Page MenuHomePhabricator

Configure Graphoid Logstash Dashboard
Closed, ResolvedPublic

Description

Graphoid does not seem to appear in the Logstash - either because it is perfect, or because something is not working right. A proper dashboard is needed.

Event Timeline

Yurik raised the priority of this task from to Needs Triage.
Yurik updated the task description. (Show Details)
Yurik added projects: Services, Graphoid.
Yurik added subscribers: mobrovac, GWicke, Aklapper, Yurik.
Yurik set Security to None.

[The graphoid conifig.yaml](https://github.com/wikimedia/operations-puppet/blob/production/modules/graphoid/templates
/config.yaml.erb) is missing a service-runner logging stanza [similar to restbase](https://github.com/wikimedia/op
erations-puppet/blob/production/modules/restbase/templat
es/config.yaml.erb#L11-L18).

[The graphoid conifig.yaml](https://github.com/wikimedia/operations-puppet/blob/production/modules/graphoid/templates
/config.yaml.erb) is missing a service-runner logging stanza [similar to restbase](https://github.com/wikimedia/op
erations-puppet/blob/production/modules/restbase/templat
es/config.yaml.erb#L11-L18).

That's not it. Graphoid uses service::node, which provides common config bits for all services, inlcuding metrics and logging. We need to investigate further what's going on here.

@mobrovac, I see.

It would be nice if service::node was following the regular service-runner config layout, as this would

  • keep all relevant configs for a service in one place,
  • avoid confusion about many different ways to do the same thing, and
  • retain support for running multiple services in a single service-runner instance.

I'm actually ok with having "generic" and "custom" parts, as long as the generic one works :) Would be good if there was an easy way to verify that it works. Can't wait for my sca1001 access - there has been several 600 usage spikes (compared to ~4-10 on average. I suspect its due to huwiki - they have added an automated graph to every city.

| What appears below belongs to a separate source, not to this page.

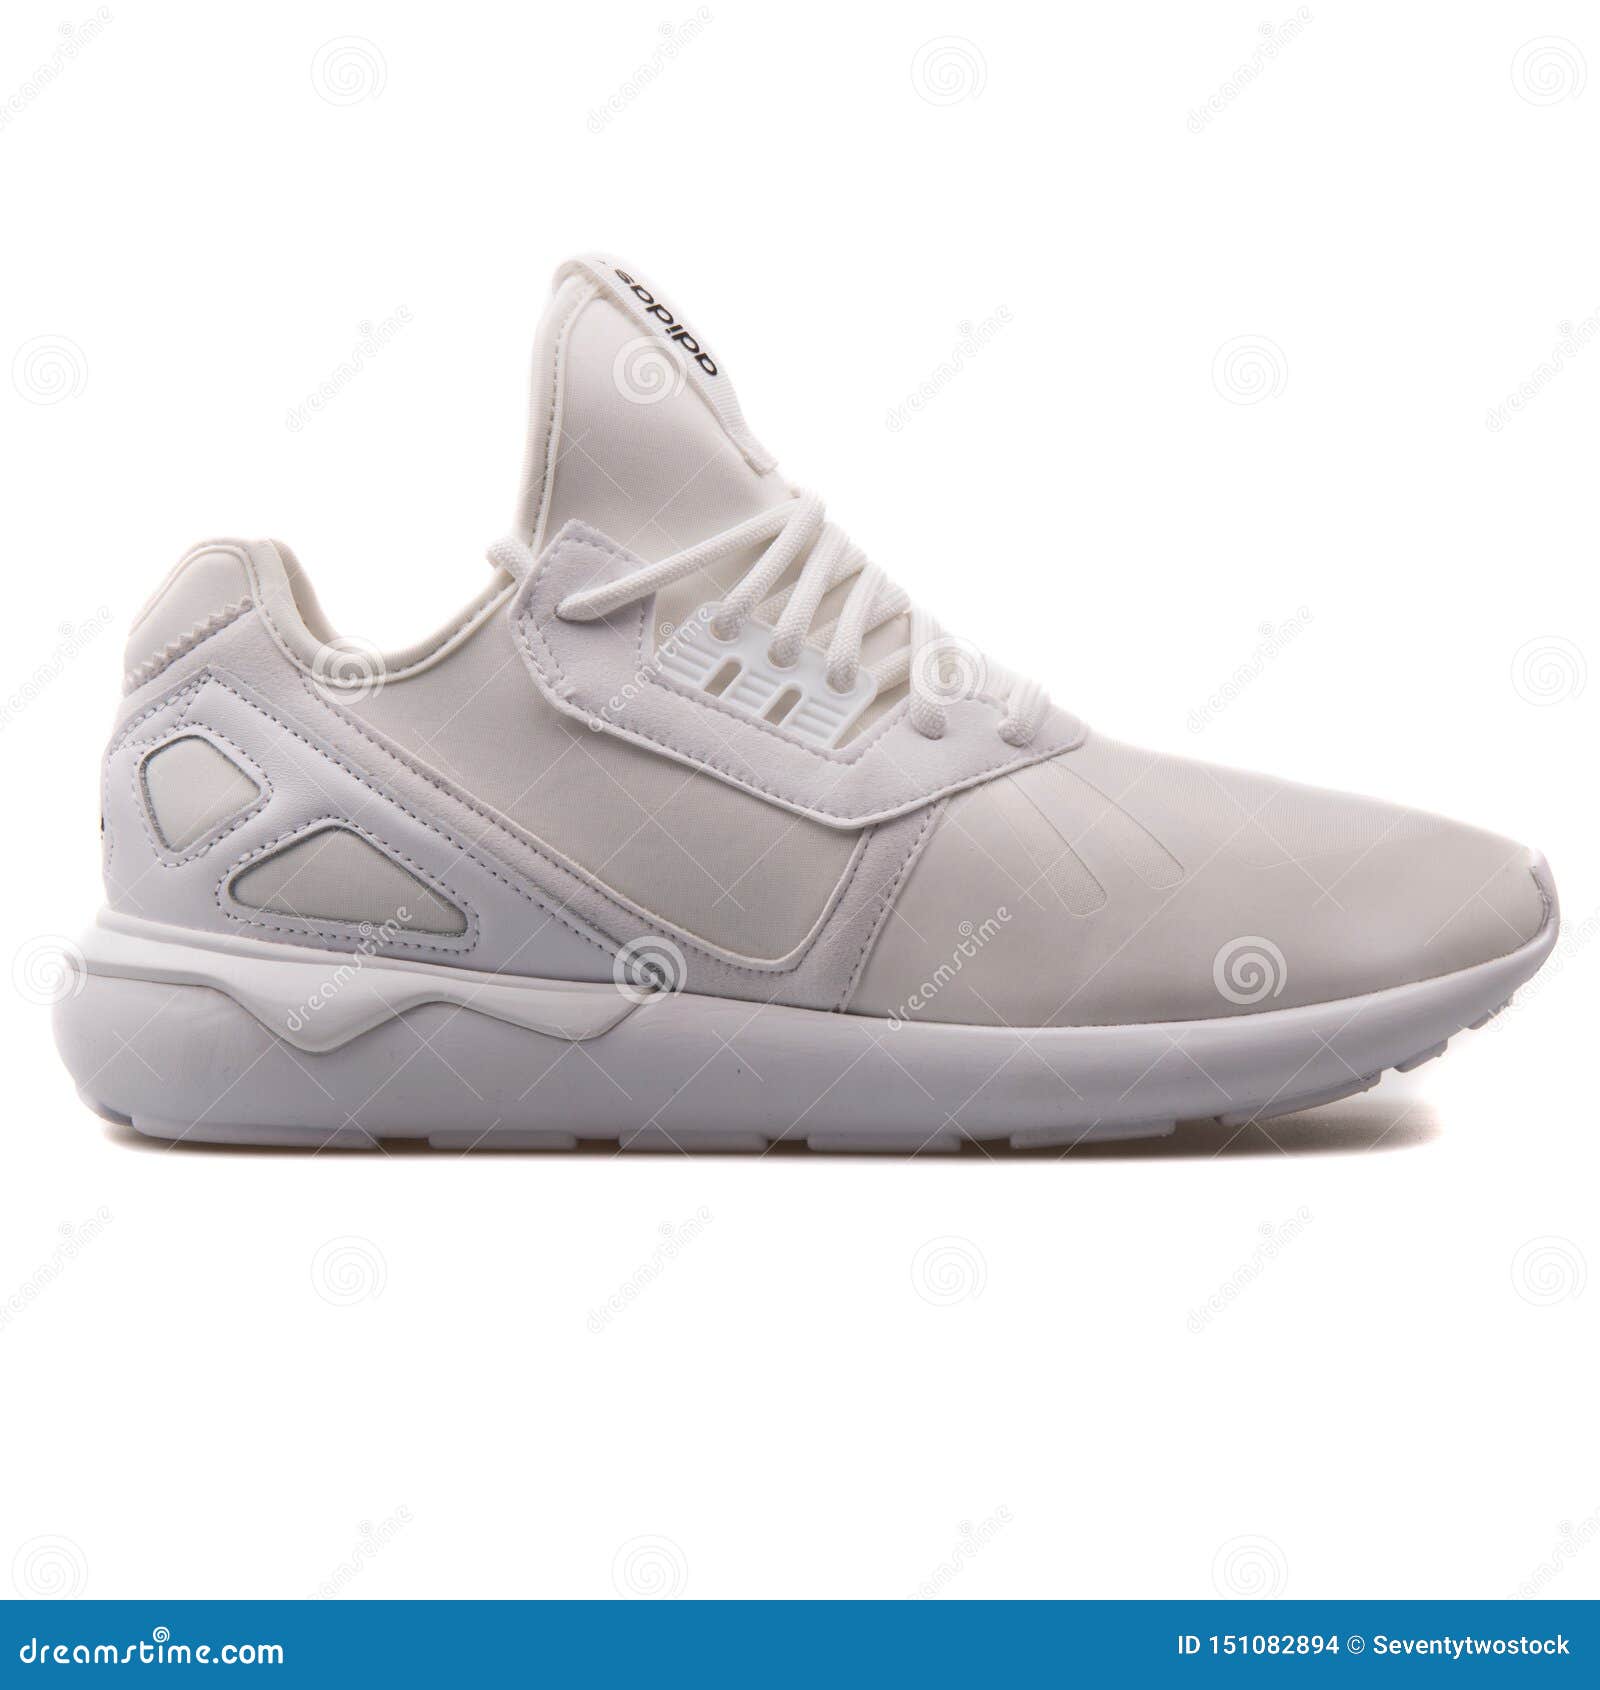 Adidas Tubular Runner White Sneaker

I think @mobrovac and me can work on fixing this.

@GWicke: service::node is an attempt (I guess pretty successful) at standardizing the way we deploy services, and to not repeat the same configs over and over. In the end, all services that use a "standard" structure (like service-runner) should be served via it. Finally, I don't think we'll ever want to run different services from the same service-runner instance in production, and coding for that would make our code both more complex and uglier.

@Joe, I see why you went for separate config files, and am okay with that as long as we can integrate that with the regular service-runner config management. One option we could consider is an include syntax for per-service configs, which would keep your separate config file working, while also avoiding a proliferation of custom config loading.

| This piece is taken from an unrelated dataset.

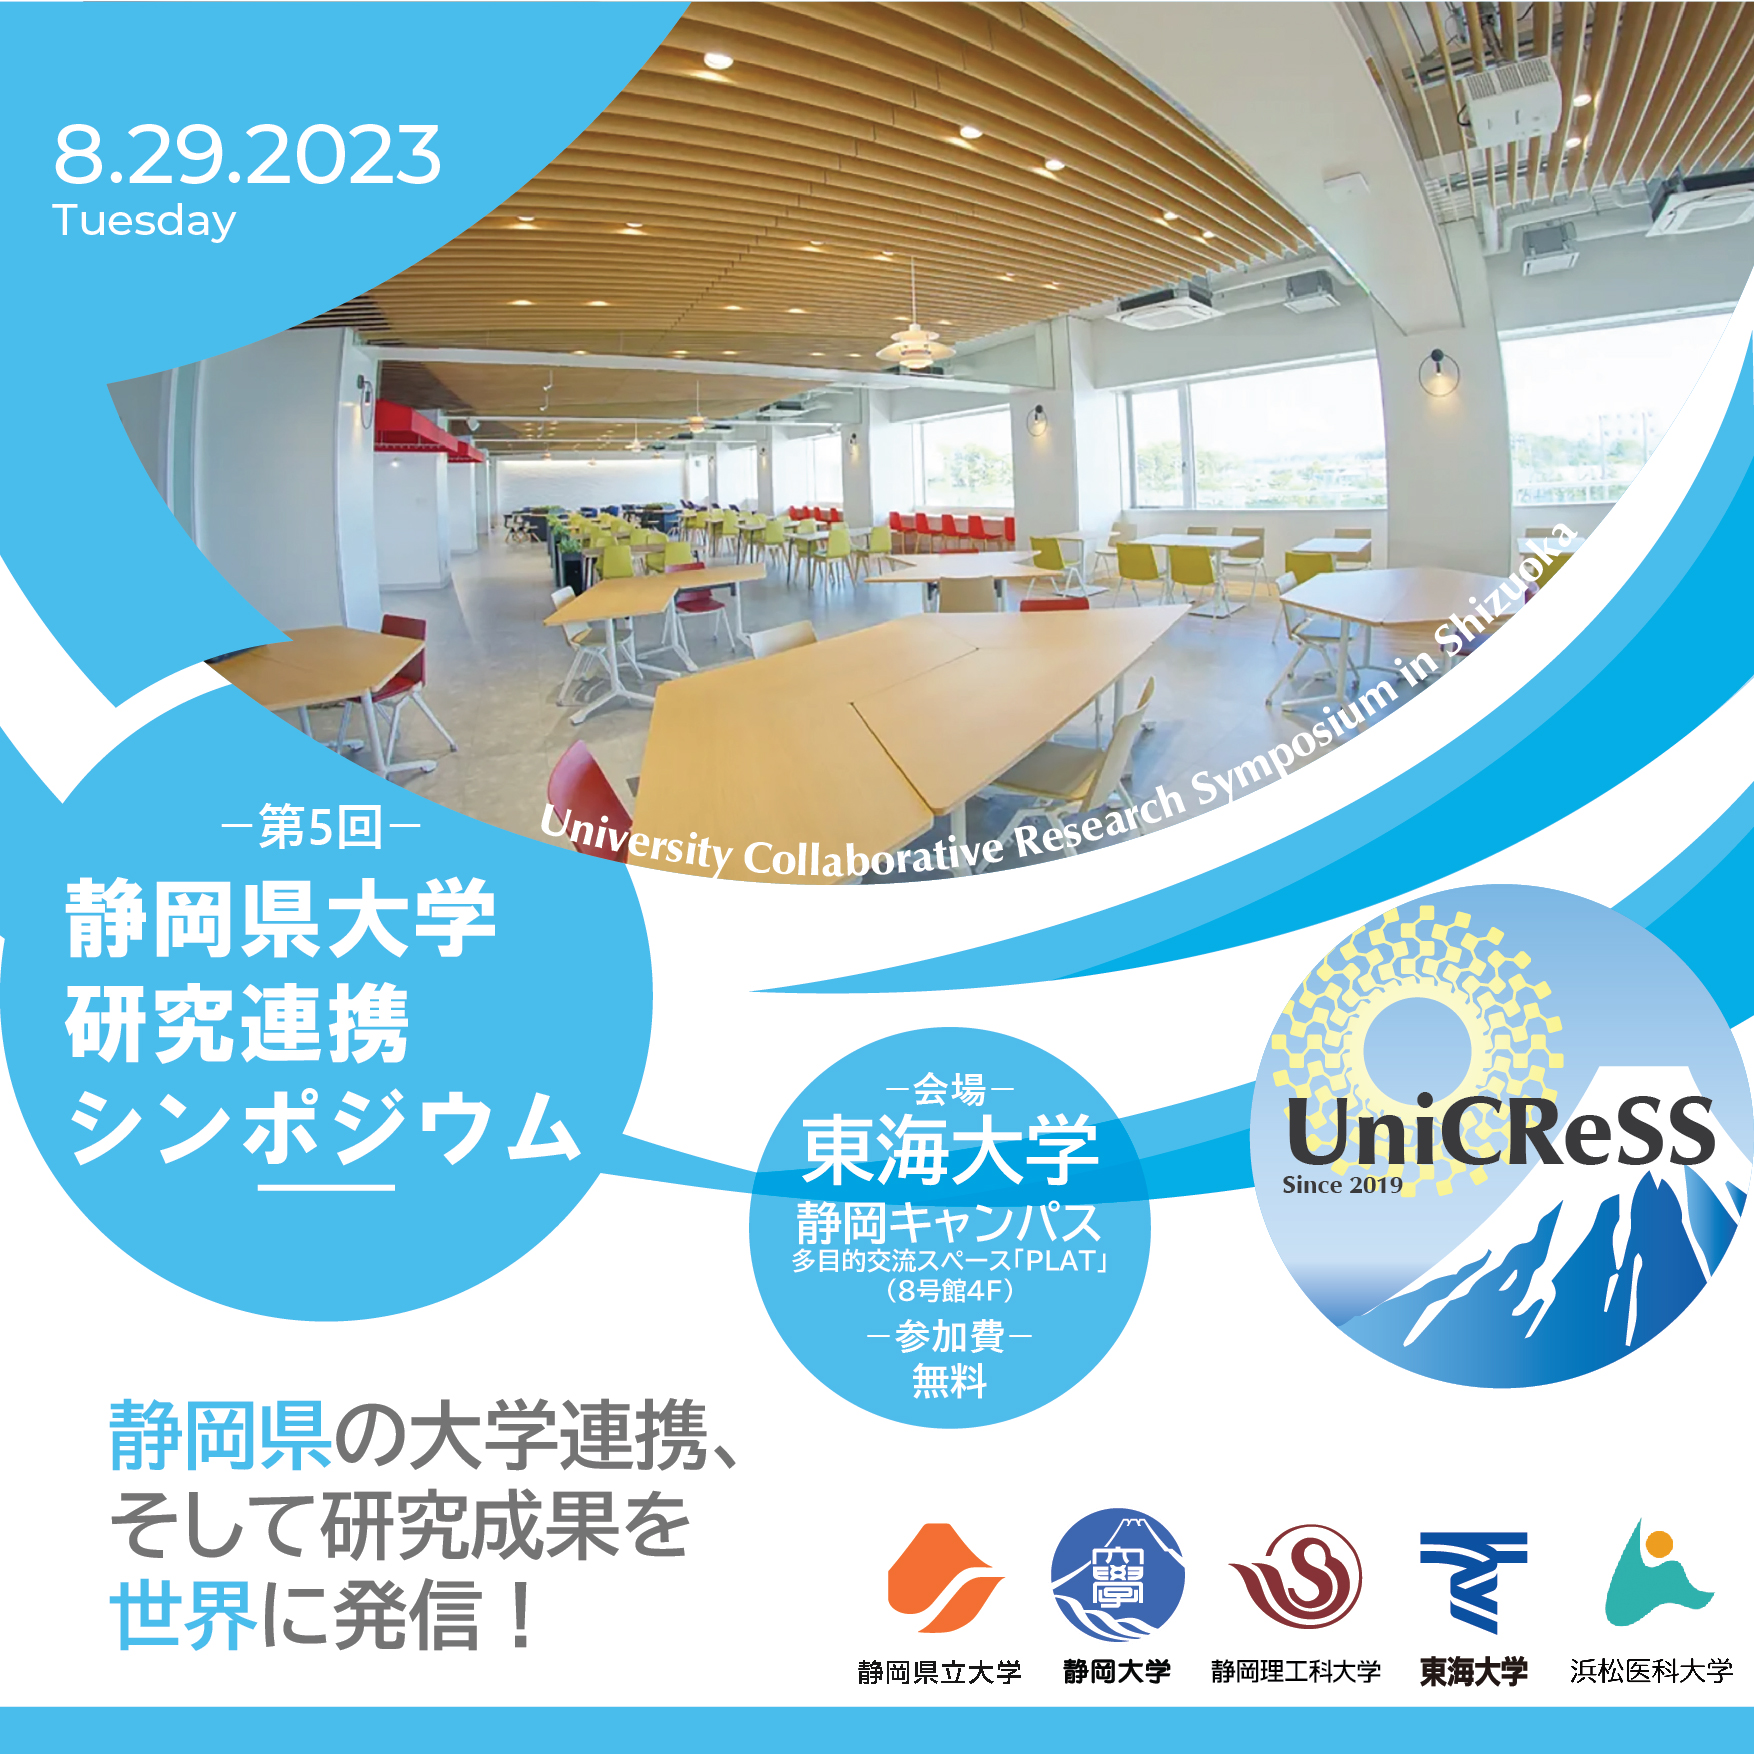 UniCReSS：静岡県大学研究連携シンポジウム開催のご案内

mobrovac raised the priority of this task from Low to High.
mobrovac removed a subscriber: Aklapper.

Change 211955 had a related patch set uploaded (by Mobrovac):
service::node: fix logstash port

https://gerrit.wikimedia.org/r/211955

Change 211955 merged by Giuseppe Lavagetto:
service::node: fix logstash port

https://gerrit.wikimedia.org/r/211955

The problem was in the wrong logstash port. It's all good now and Graphoid's dashboard can be found at https://logstash.wikimedia.org/#/dashboard/elasticsearch/Graphoid . Note that it is currently empty as only warn, error and fatal log messages are sent there. For lower, info-level messages, you can consult /var/log/graphoid/main.log on the SCA nodes.

Resolving as there's nothing left to do.

Thank you @Yurik for raising this issue, as it affected Citoid as well.

@Joe, I see why you went for separate config files, and am okay with that as long as we can integrate that with the regular service-runner config management.

Indeed it does. The way service::node compiles the configuration file is that it uses the bits and pieces common to all SCA services (logging, metrics), and combines them with user-provided per-service config (the services[0].conf part in the config.yaml). The only thing it is not able to conform to (wrt. service-runner) is running multiple services using the same service-runner instance, but as @Joe pointed out, it is unlikely this will happen in WMF production, more concretely on the SCA cluster.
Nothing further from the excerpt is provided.